It would not be fair to suggest that all the inhabitants of Jamaica could be influenced by a jackanapes in a naval uniform and sword, riding on a donkey. There are of course a large number, a large majority, of really intelligent men and women who are properly religious. I mention extreme cases in order that it may be possible for you to gain some insight into the extraordinary character of the Black man. It is easy for any educated man to make great crowds of Jamaicans profess and call themselves Christians. To really imbue the people with a knowledge of the elementary duties of Christian people is a task of great difficulty. Sunday is their day of rest. The old people smoke their pipes and gossip in the shade of their doorways, the youngsters parade the town in all the glory of their gaudy finery. On Sunday the natural idleness of the coloured man is as it were legalised. Once a week their besetting sin of indolence becomes a real virtue. So the day is enjoyed to the full. It is never necessary to drive home to a nigger the fact that it is wicked to labour on the seventh day. The difficulty is to persuade him to work on the other six.
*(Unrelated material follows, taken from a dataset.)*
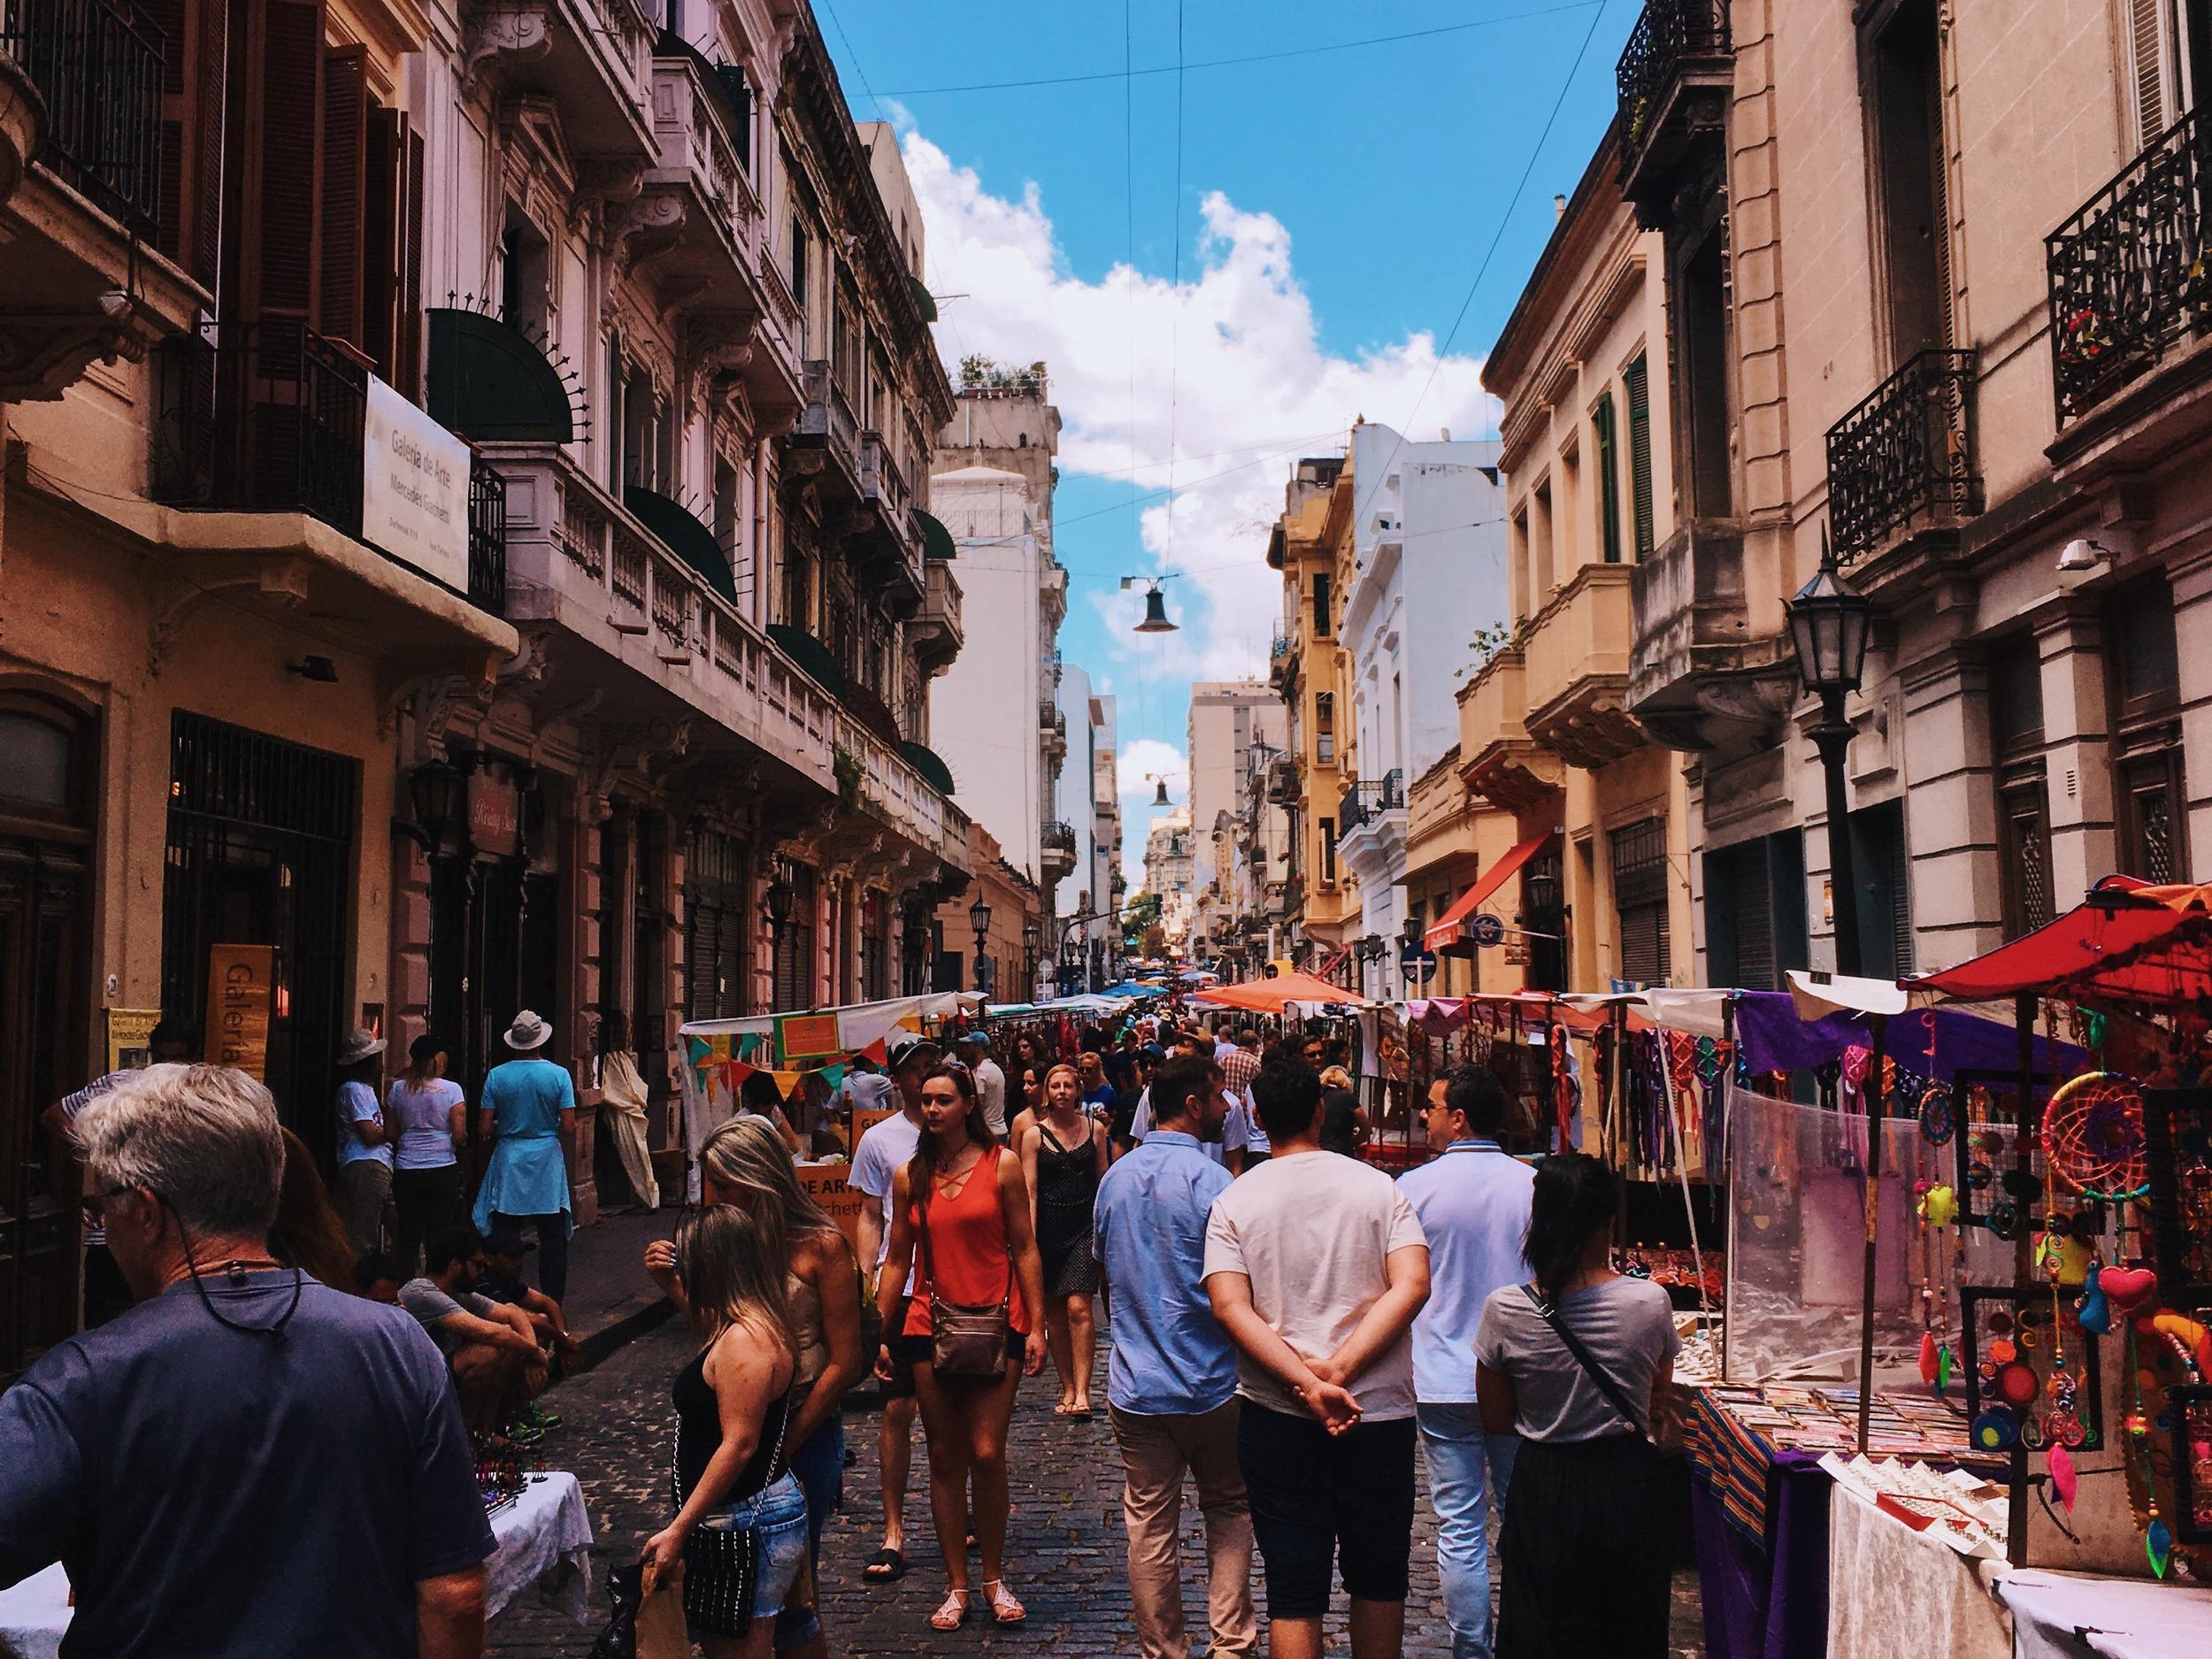 argentina-bazaar-buenos-aires-1060803.jpg

Everyone has heard of the Jamaican revivalist meetings, those weird religious orgies where men and women run riot in the name of great salvation. They are difficult services to witness; the people, especially
the parson people, are shy in the presence of the unbelieving. You can only enter a native synagogue by means of great cunning and an utter absence of self-restraint. The interiors of such synagogues are commonplace—you can see their furniture and fittings in any tiny bethel in poorer London. The difference lies in the people only; in Jamaica they are all utterly black and very happy. The preacher wears spectacles, and has a white beard and conventional clerical collar and white shirt. The congregation are attired in all the tints of a German Noah’s Ark, and show examples of half the costumes known to civilisation and Whitechapel. Of course there are more women than men, but still the males that appear are not less zealous than the most excitable of the ladies. When the service has half spent itself, order, and the souls of the people, have become really affected. The solemnity of the place entirely disappears, and pandemonium comes in like a rustling, choking tornado. Men and women dance and pray and sing and shout, and then fall backwards to the hard wood floor clutching the empty air in the agony of spiritual exaltation. The preacher abstains from flinging himself into the heat of the melée with infinite difficulty, and by exercising his power of self-restraint in a manner inspiring to behold. The congregation exhausts its frenzy and lies quiet and purified, in the manner of a snake that has exhausted its poison gland in attacking the sacking held by an experienced charmer. In this manner is a large proportion of the population of the island every week, with great regularity, saved from damnation. The parson is carried home to sup with the senior deacon, and the congregation disperses into little groups of devotees, each member anxious to examine the religious experience of his brother, or explain at great length his own sensations of salvation.